(Data records)
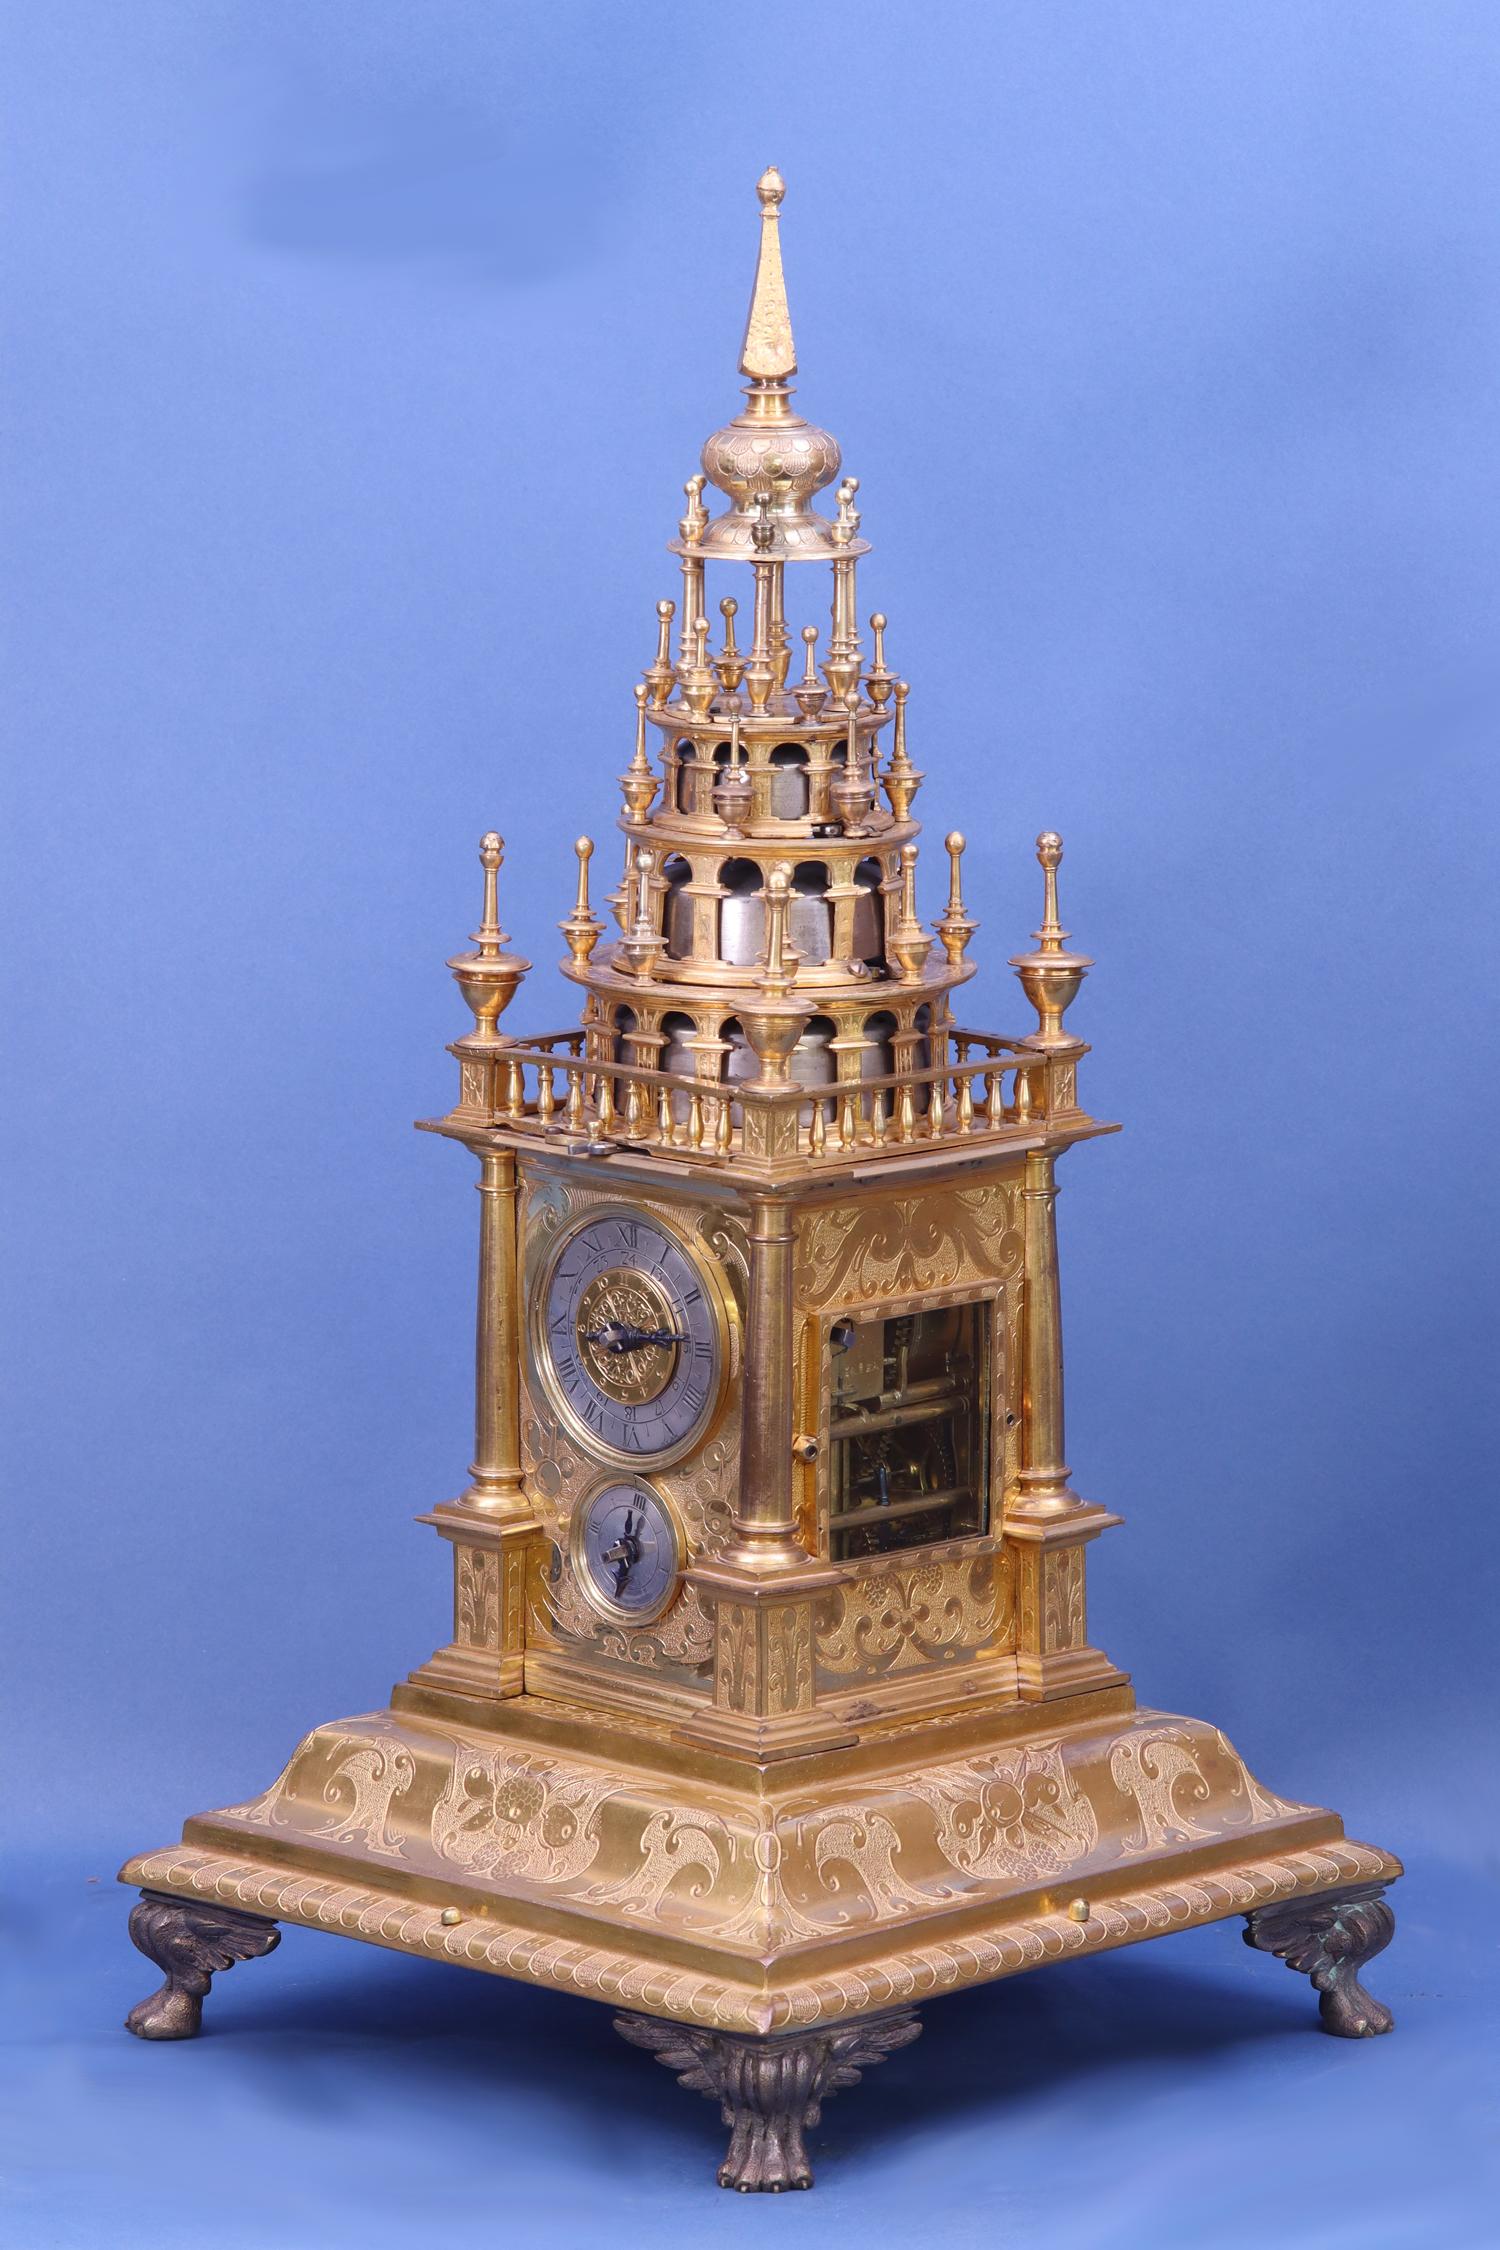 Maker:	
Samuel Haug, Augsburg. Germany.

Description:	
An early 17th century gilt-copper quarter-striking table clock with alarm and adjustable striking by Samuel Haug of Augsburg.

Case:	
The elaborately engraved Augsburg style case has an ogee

**Exercise**
Set the entries down again exactly. Do not include the images.

**Solution for this problem**
 Maker:	
Samuel Haug, Augsburg. Germany.

Description:	
An early 17th century gilt-copper quarter-striking table clock with alarm and adjustable striking by Samuel Haug of Augsburg.

Case:	
The elaborately engraved Augsburg style case has an ogee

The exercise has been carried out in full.